All that changed dramatically after the war started. Russia began to run budget deficits for the first time in two decades and to spend heavily. Increasingly, funding the state’s fixed investment is from issuing Russian Finance Ministry’s OFZ treasury bills bonds to “friendly investors” or tapping the giant RUB19 trillion pool of liquidity in the domestic banking sector.
In December Siluanov announced a dramatic scaling up of borrowing plans in 2024 to raise RUB4.1 trillion from domestic borrowing – more than last year and a bit less than double the pre-war level of domestic borrowing – and the outstanding volume of OFZ has been growing steadily to the current circa RUB20 trillion outstanding. (chart)
Sanctions failing
Putinomics appears to be working as Russia’s economy looks increasingly robust. The Reuters’ forecast show that the Kremlin is successfully undermining Western sanctions targeting Moscow's oil and gas industries.
As bne IntelliNews has reported, oil sanctions are largely a spent cannon and the technology sanctions have also largely failed, as Russia has imported more equipment and electronics in 2023 than it did pre-war. However, the US has made some progress since December with its new regime of smart sanctions that have driven “friendly” banks from China, Turkey and other countries from the market, have selectively targeted very specialised equipment in things like the LNG sector, and the Office of Foreign Assets Control (OFAC) has effectively removed over 40 oil tankers from Russia’s shadow fleet with the threat of secondary sanctions.

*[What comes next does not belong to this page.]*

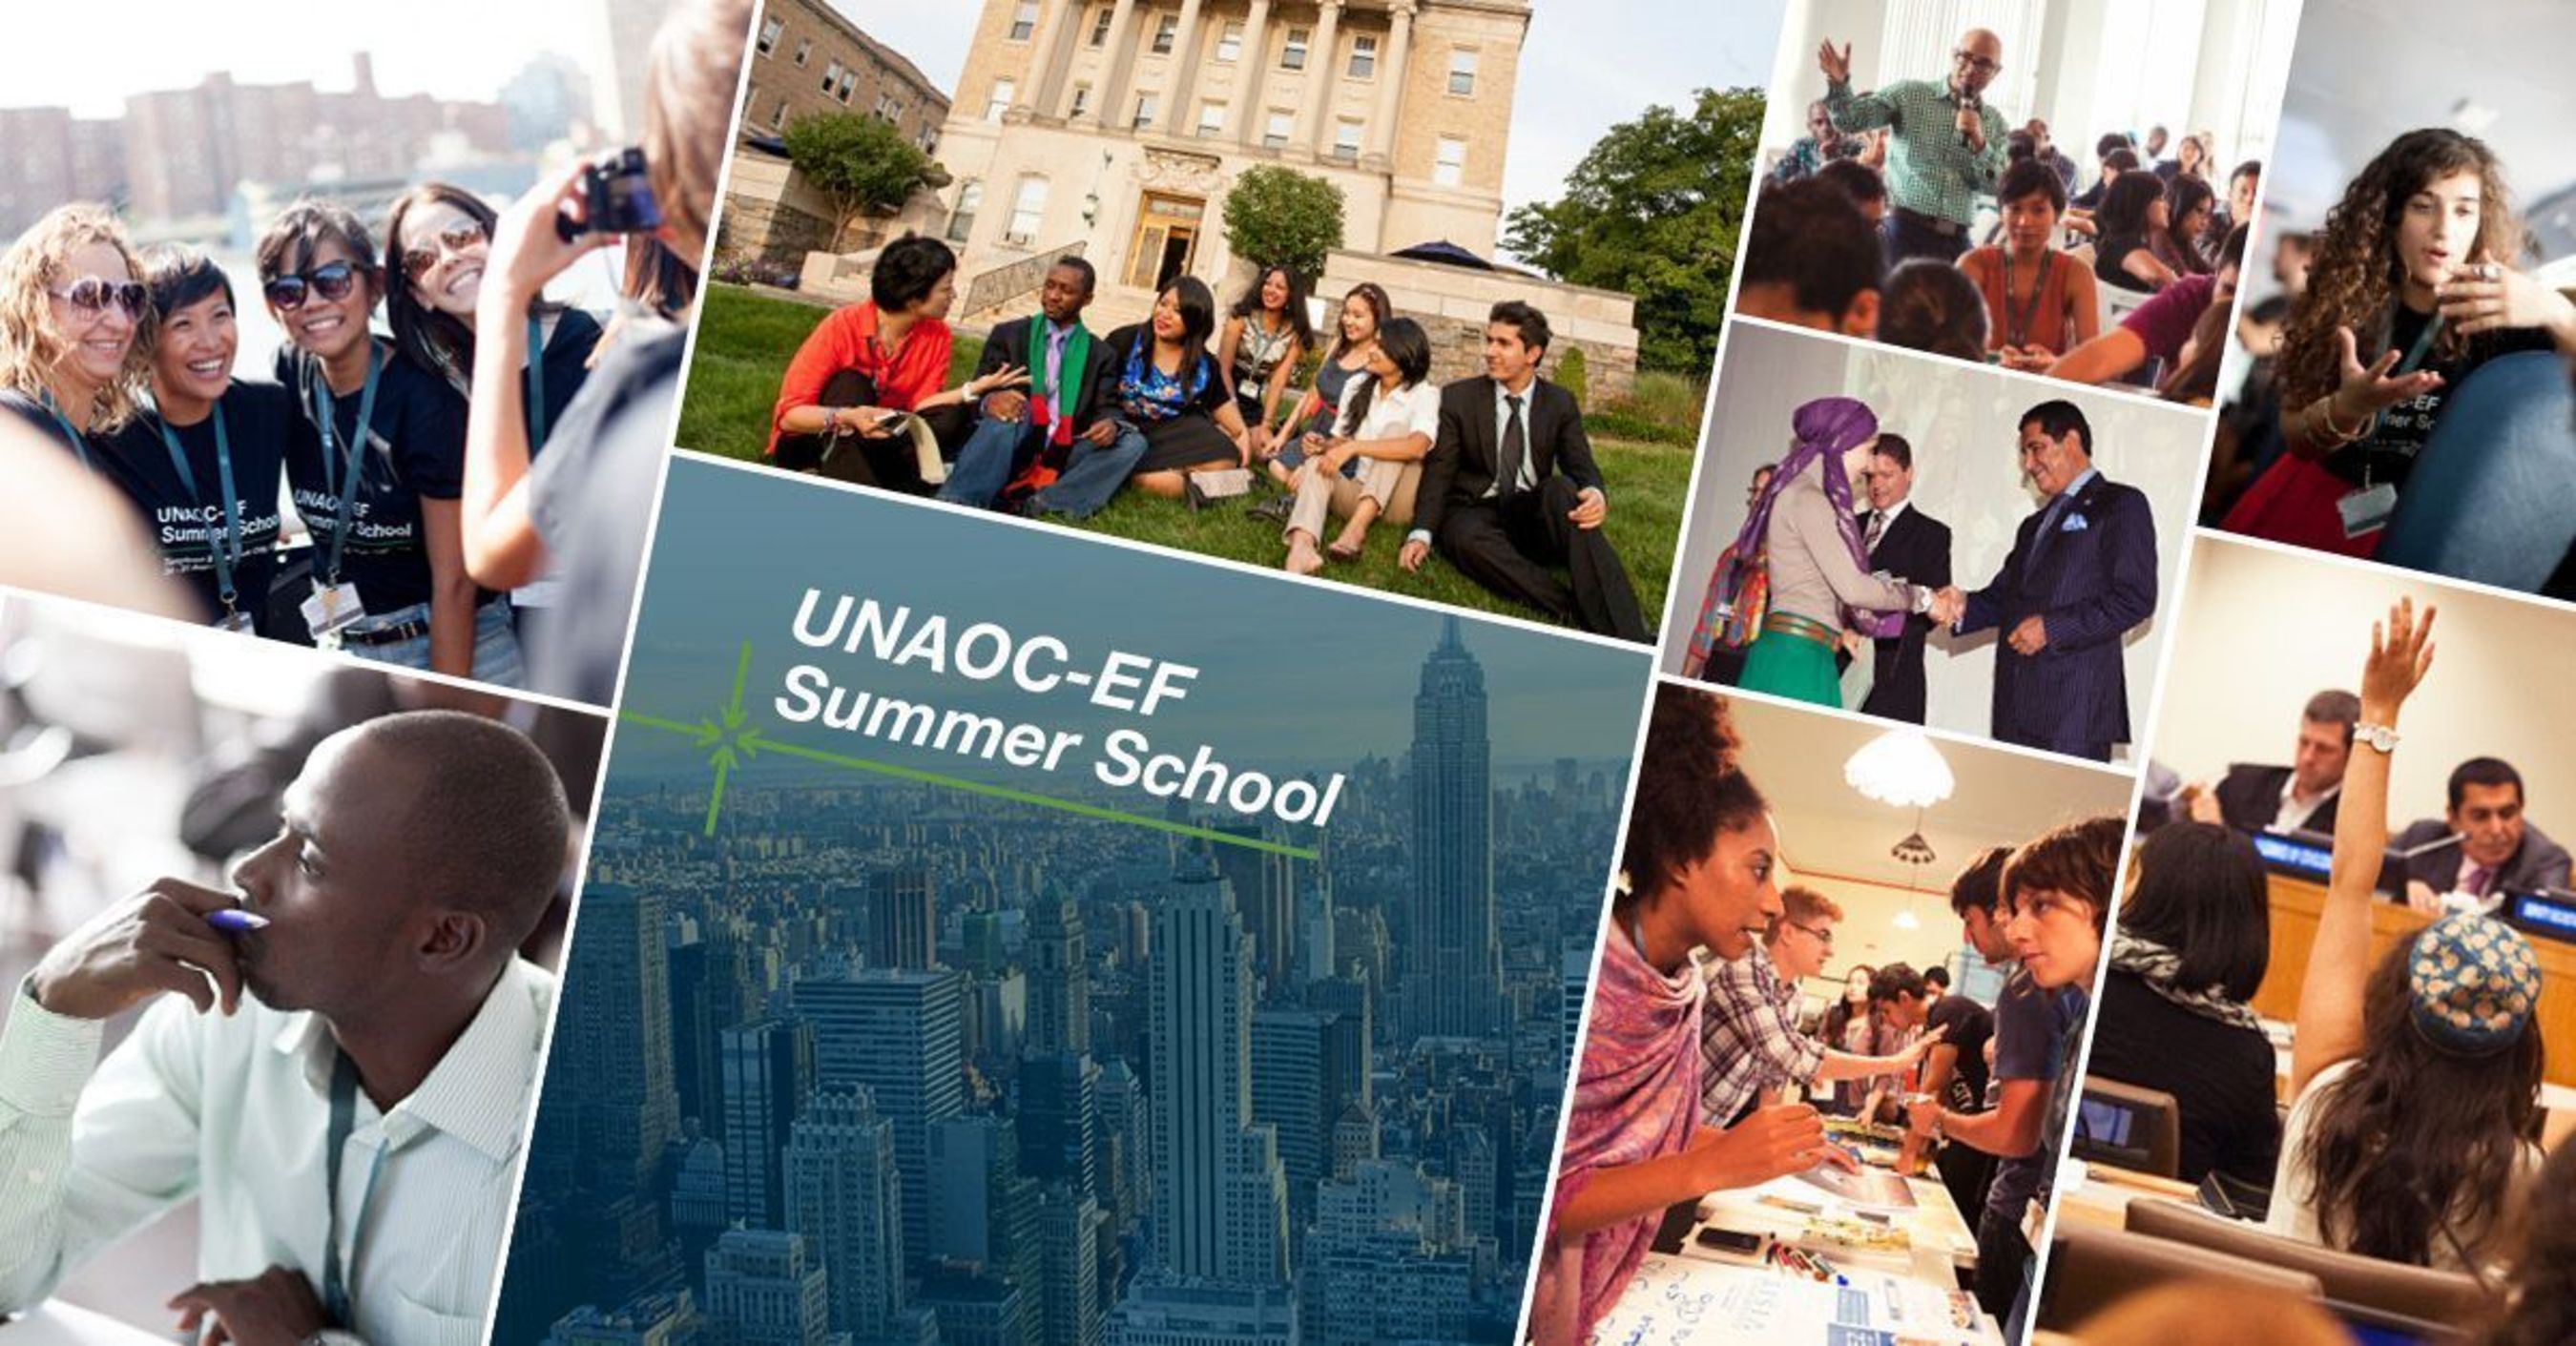 Apply now for the UNAOC-EF Summer School in Tarrytown, New York. (PRNewsFoto/EF Education First _EF_)
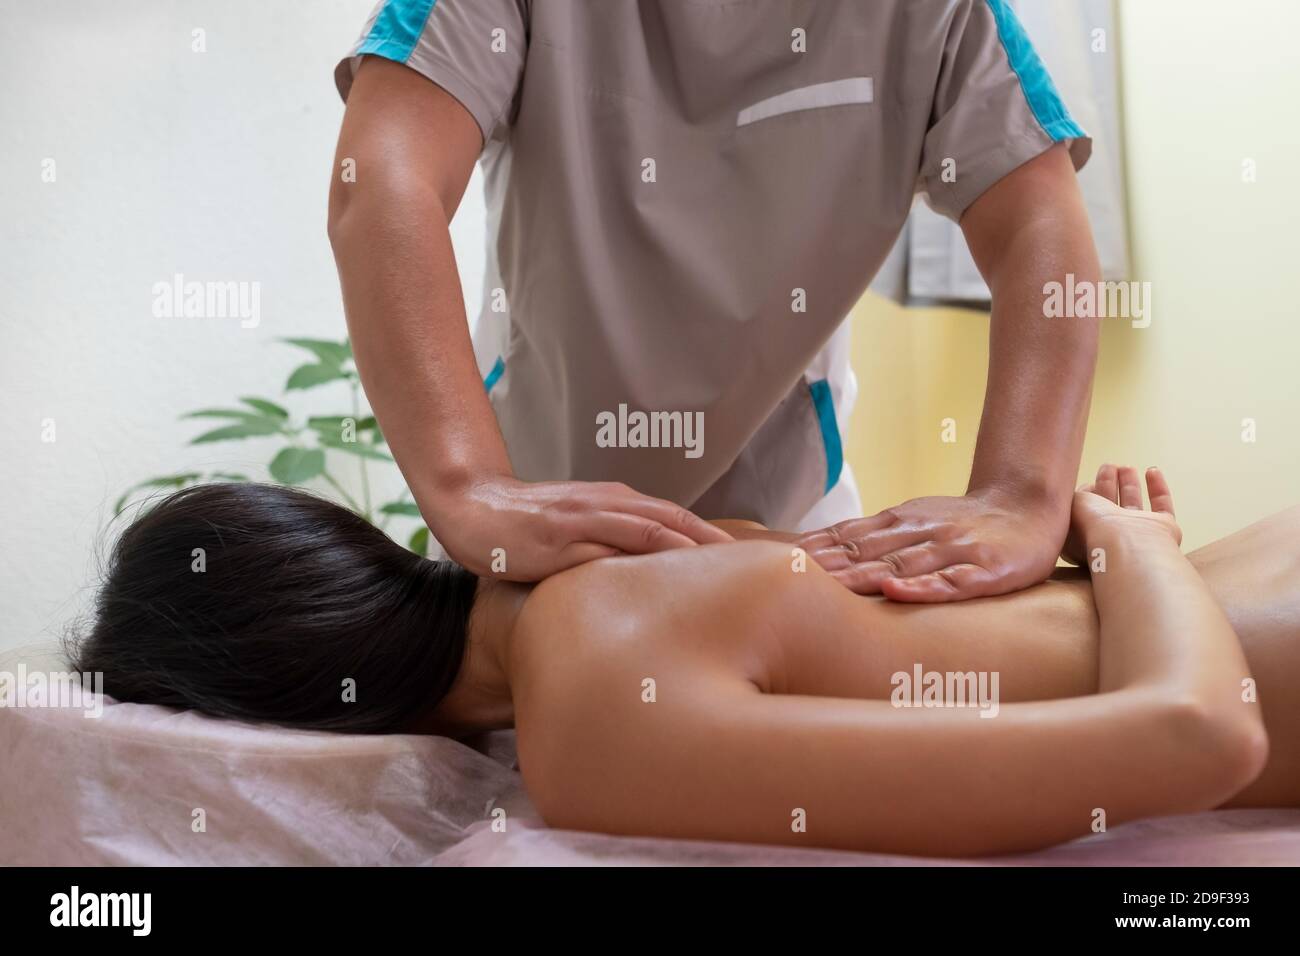 Caucasian woman getting a spine massage in the spa salon Stock Photo

Western leaders are looking at ways to restrict how much money the Kremlin can generate, much of which goes towards funding Russia's full-scale invasion of Ukraine.
The EU intends to crack down on Russia’s shadow fleet in the upcoming fourteenth sanctions package. EU Trade Commissioner Valdis Dombrovskis said earlier in April that the 14th round of sanctions against Russia should be adopted in the spring.
G7 countries are struggling to reverse this success. After two years and the increasingly obvious failure of sanctions to restrict the Russian economy, the emphasis has gone from targeting products with flawed sanctions due to the exemptions and calve-out ridders in order to shield EU companies, in particular that remain dependent on these supplies, to tightening the rules to make the existing sanctions more effective.
Not a single barrel of Russian crude oil has been sold below the oil price cap of $60 since that sanction was imposed at the start of 2023, but the more recent smart sanctions seem to be having more of an effect.
“We need to tighten the regime and force the Russian oil trade back inside the regulated regime,” says Benjamin Hilgenstock, a senior economist with the Kyiv School of Economics (KSE).
The European bloc has already adopted 13 packages in response to Russia's full-scale invasion of Ukraine, aiming to undermine Moscow's economic output and the ability to sustain the war. Earlier this month, EU Executive Vice President Valdis Dombrovskis said that a fourteenth sanctions package is in the works and will likely include measures aimed at Russia's sanctions circumvention, and pay special attention to the targeting the shadow fleet.